SOURCE MATERIAL:
#####

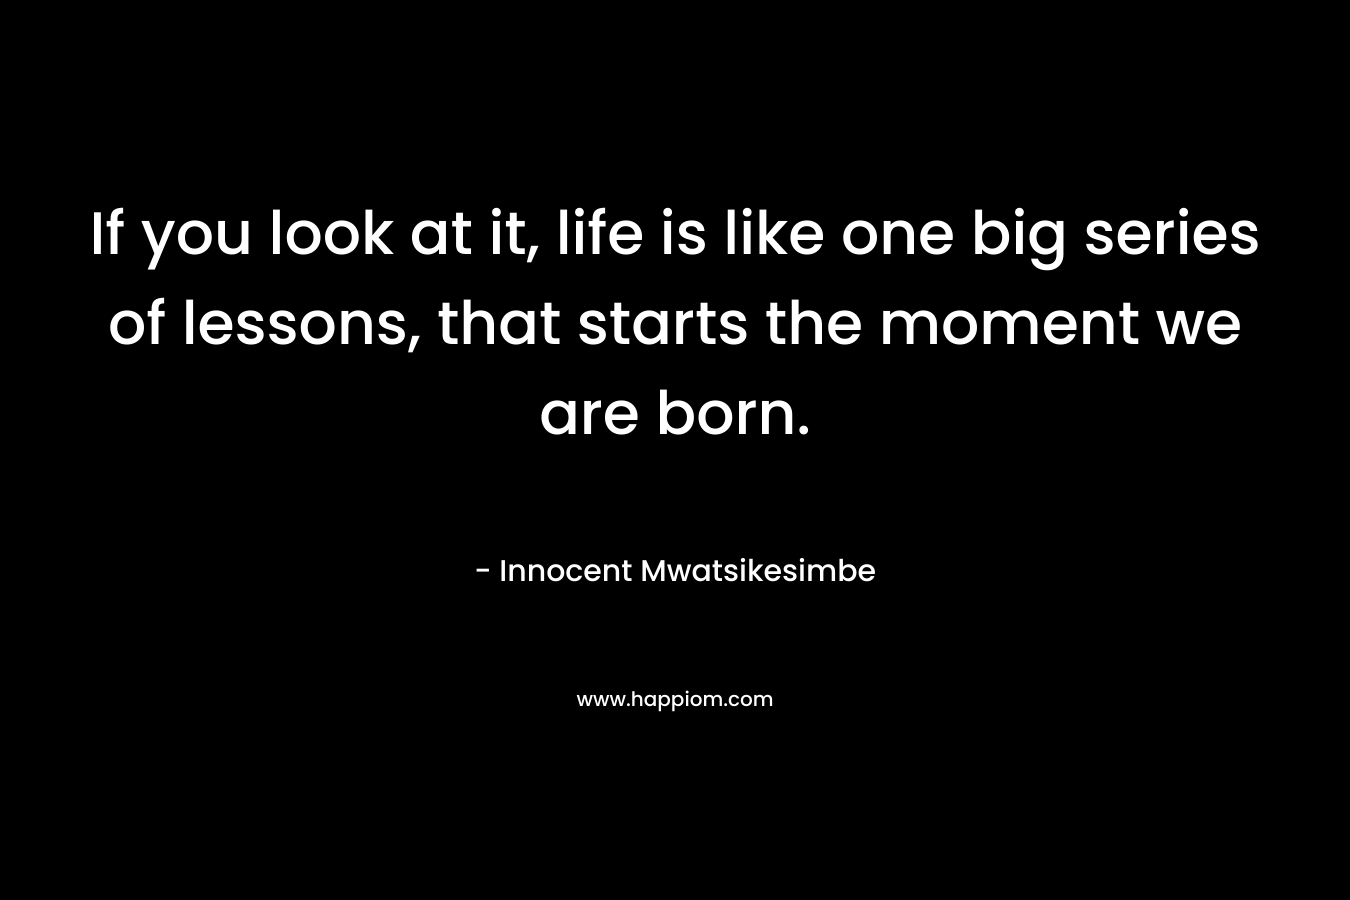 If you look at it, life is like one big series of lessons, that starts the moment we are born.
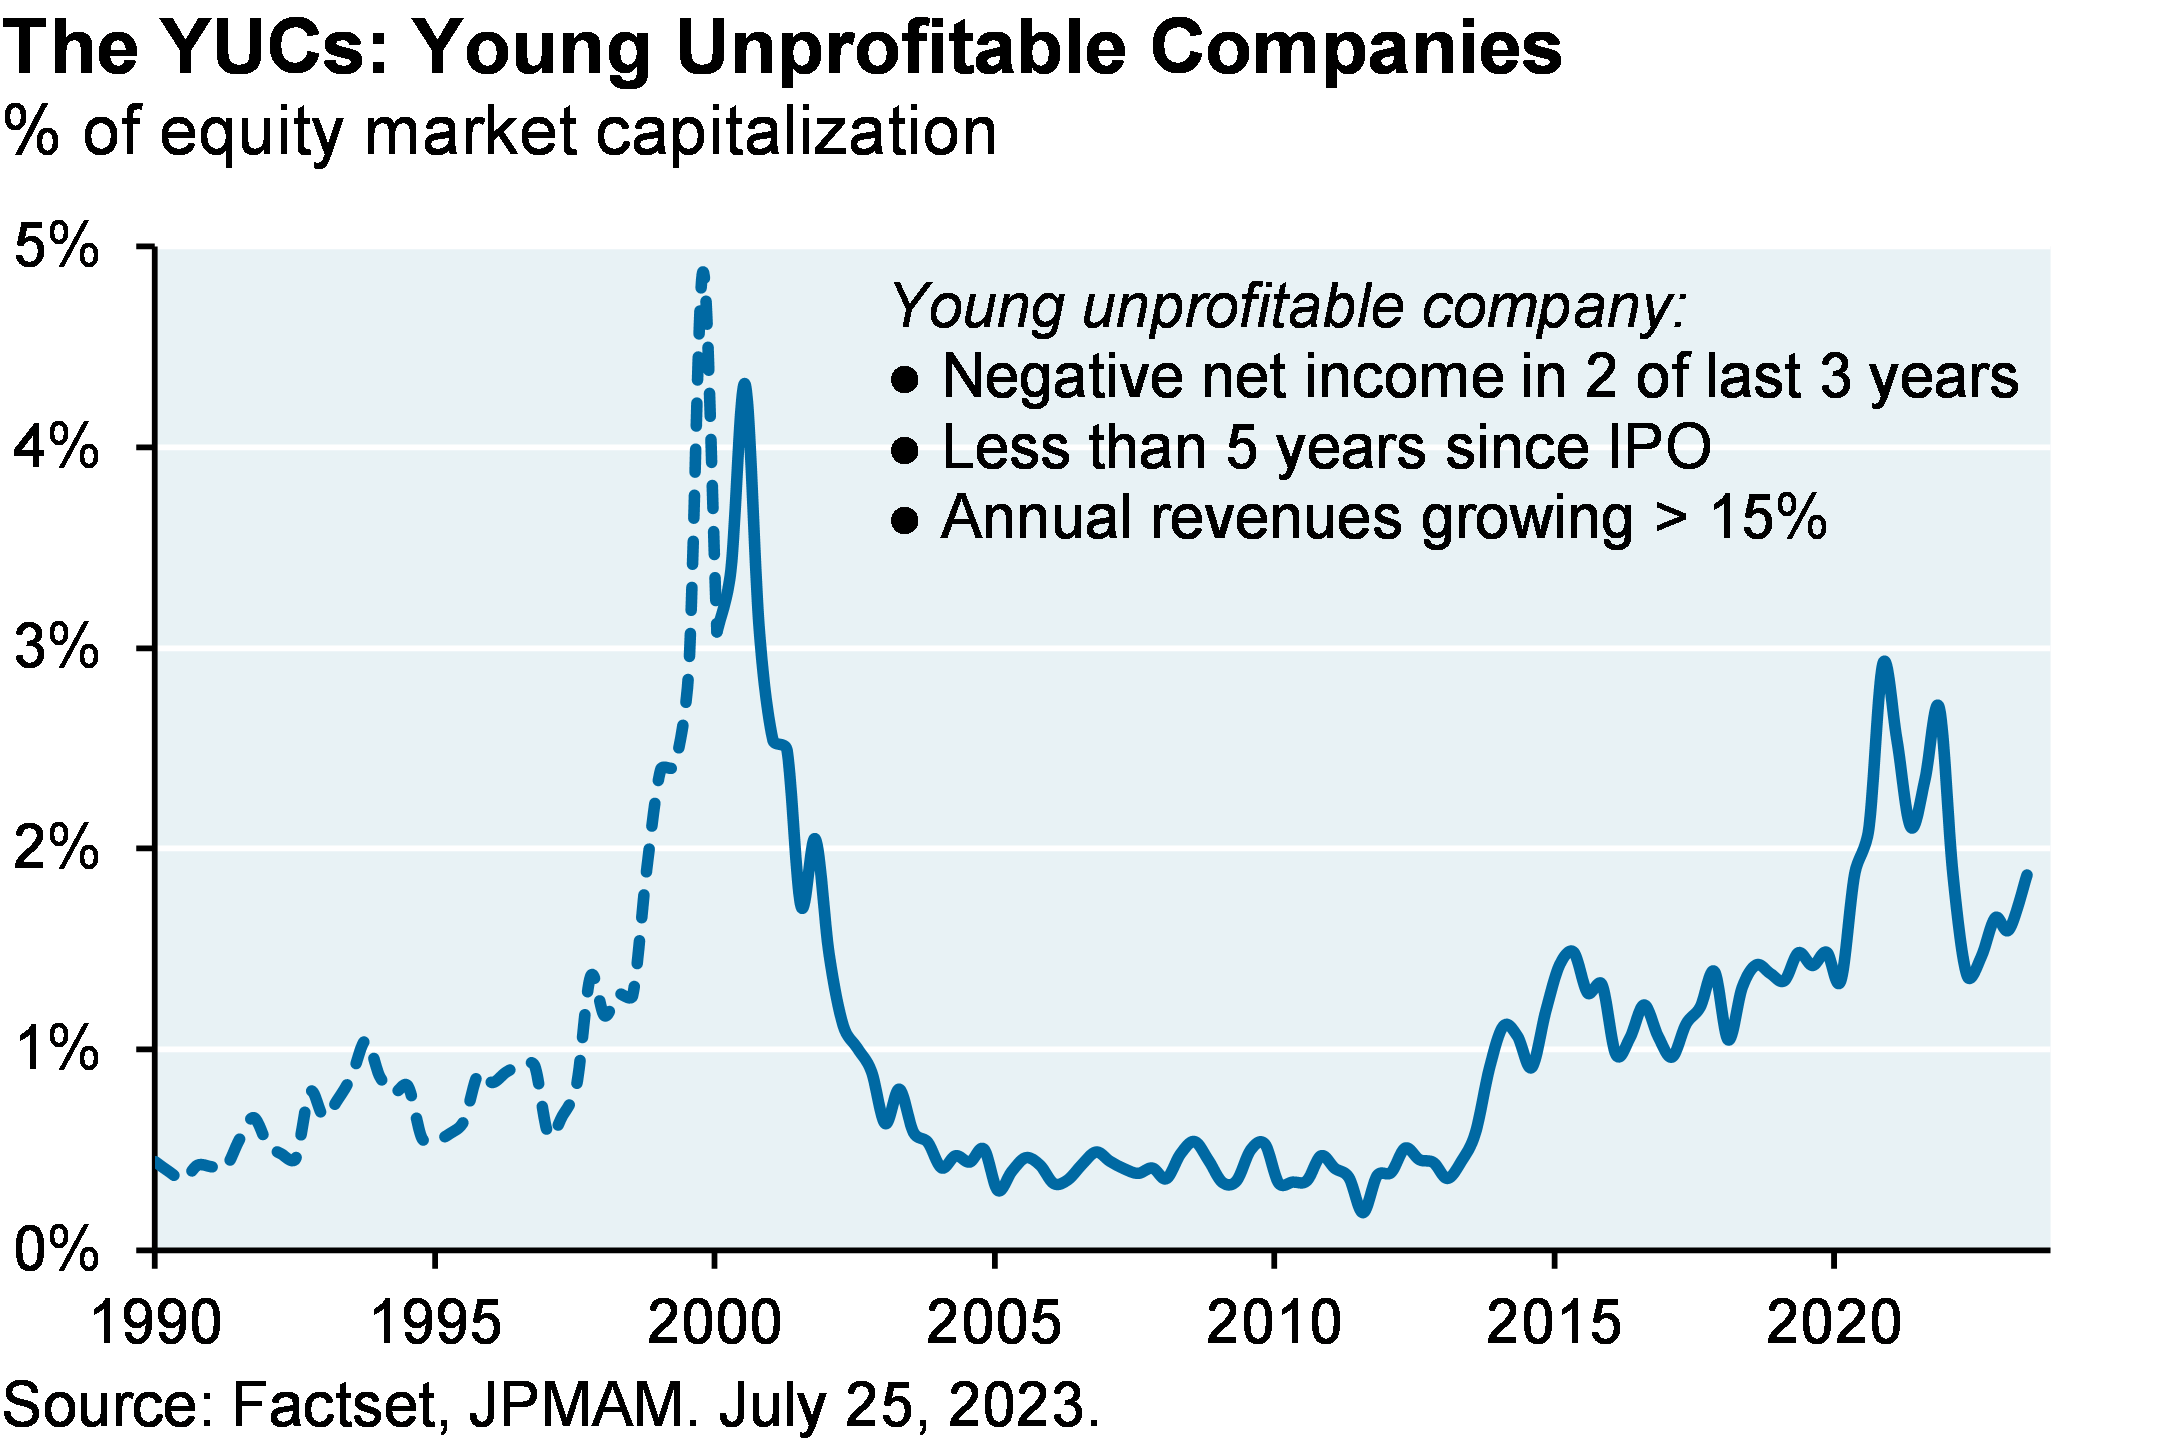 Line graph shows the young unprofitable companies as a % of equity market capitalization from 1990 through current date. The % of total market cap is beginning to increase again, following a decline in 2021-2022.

#####

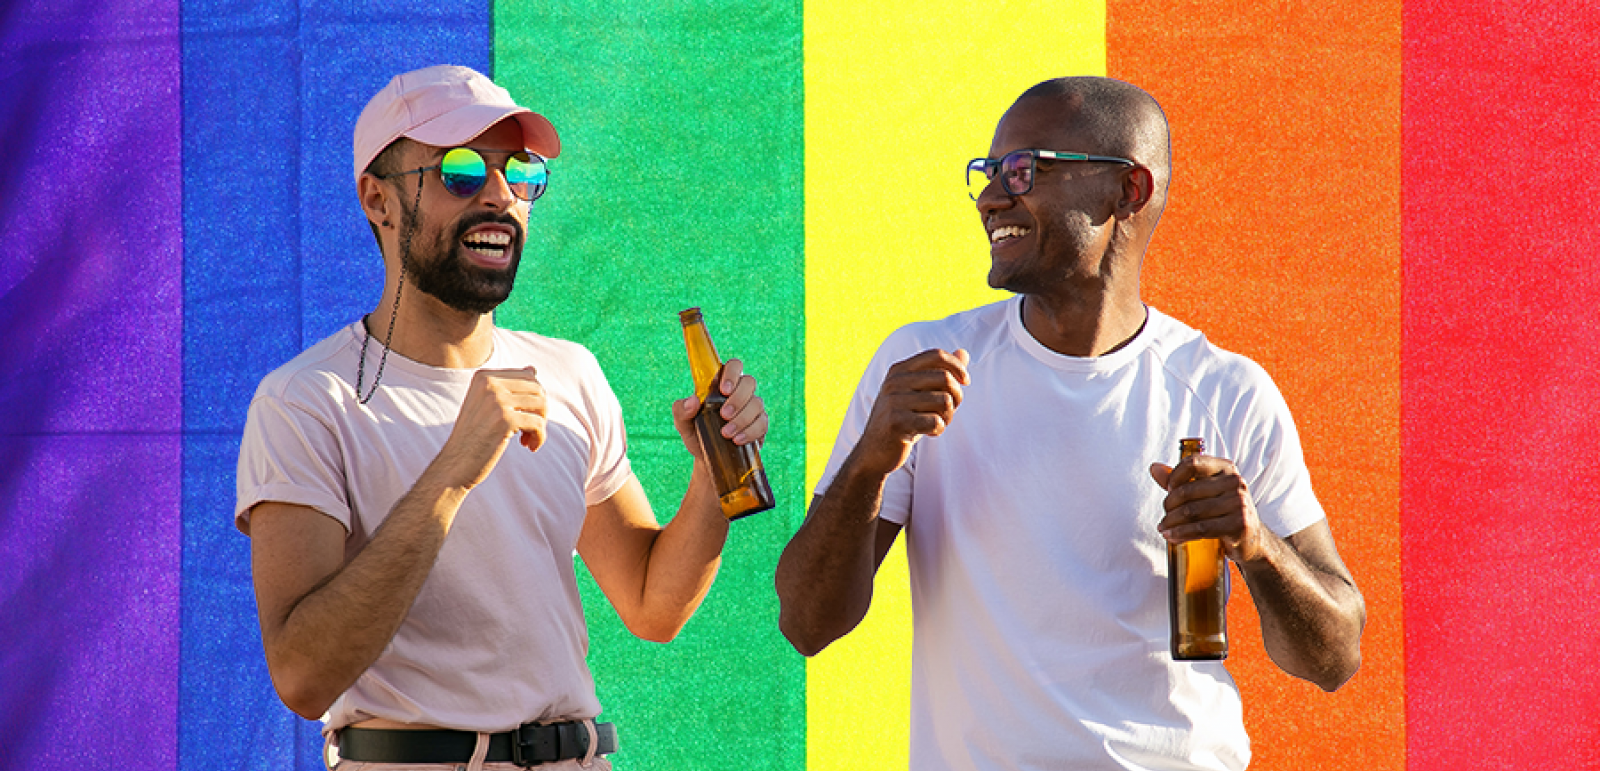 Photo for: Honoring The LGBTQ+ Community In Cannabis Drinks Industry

#####

If a picture sits between the line containing "If you look" and the line containing "Line graph shows", leave it out, and return the lines of that range above exactly, both ends included.

RESPONSE TO THE TASK:
 If you look at it, life is like one big series of lessons, that starts the moment we are born.
 Line graph shows the young unprofitable companies as a % of equity market capitalization from 1990 through current date. The % of total market cap is beginning to increase again, following a decline in 2021-2022.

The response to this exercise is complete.